The SGX said the outcomes were likely due to the initiatives it introduced last year, such as reducing minimum bid spreads.
The minimum bid spread refers to the smallest price movement allowed in a stock or trading instrument.
For example, shares priced below 20 cents now have a minimum bid size of 0.1 cent. This means their prices can move up or down by 0.1 cent at the least.
Since the new spreads were introduced in July last year, stocks priced from $1 to $1.99 have had a minimum bid size of half a cent. The minimum bid size for stocks $10 and above is now one cent.
Slashing minimum bid spreads reduced costs for investors, who incur a clearing fee of 0.04 per cent on the value of each trade they make, up to a maximum of $600. The SGX report said the move has had its intended effect.
Large capitalisation or large- cap stocks saw trading costs steadily decline in the third quarter of last year, from eight basis points to five basis points or 0.08 per cent of the value of the trade to 0.05 per cent.

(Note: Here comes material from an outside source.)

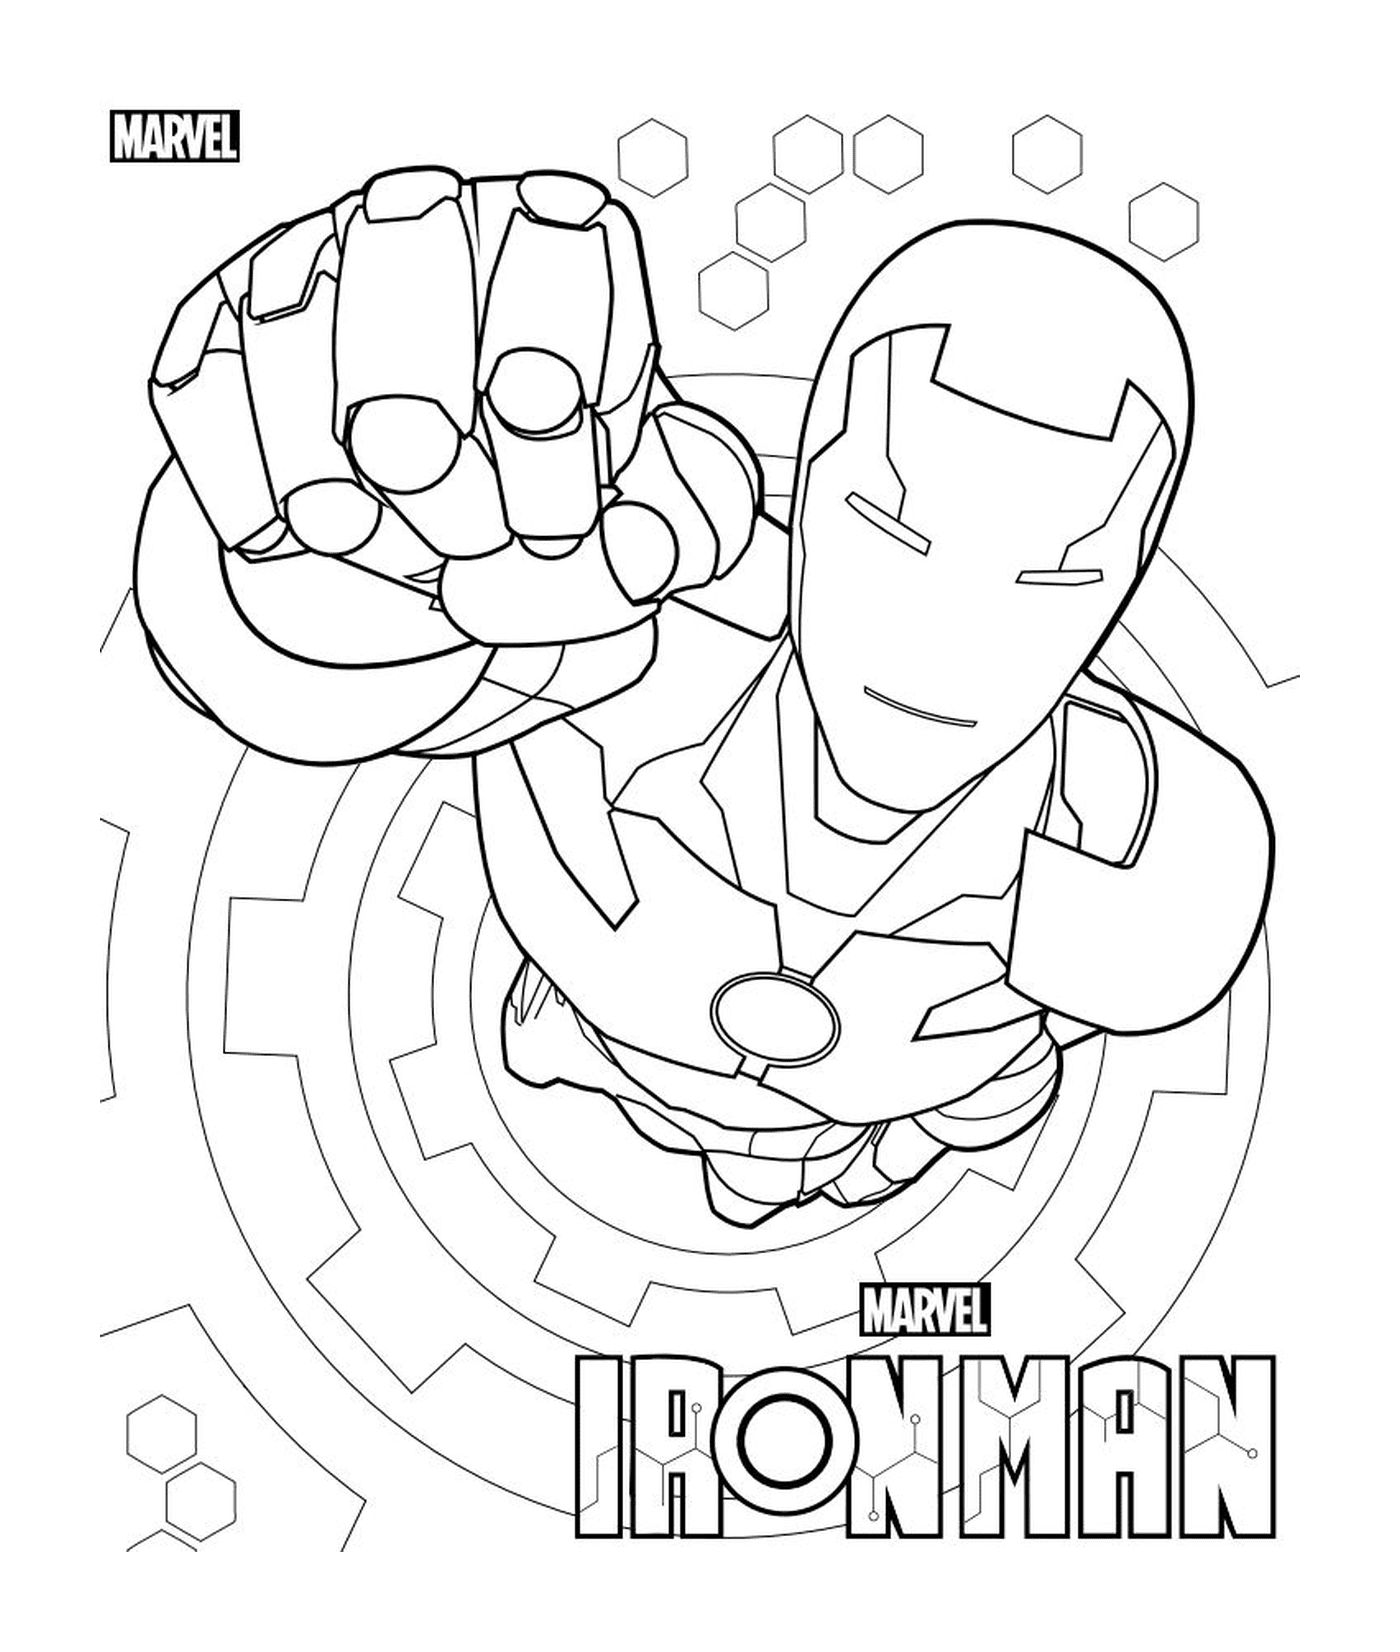  An image of Iron Man

It remained relatively stable at 0.05 per cent until May, when there was a further one basis point decline in costs.
Trading costs for mid-cap stocks halved to 0.06 per cent in June from a year before.
Costs for small-cap stocks at first increased from 0.76 per cent of the trade's value in July last year to 0.99 per cent in January but there has been a substantial decline in cost to 0.47 per cent since.
"The decline in trading costs for large- and mid-cap stocks after June 2011 is a likely result of market liquidity enhancing initiatives such as the changes to minimum bid spreads in July 2011," the SGX said in its report.
"In June 2012, there was a further sharp decline in price impact cost across all size categories, despite lower volumes."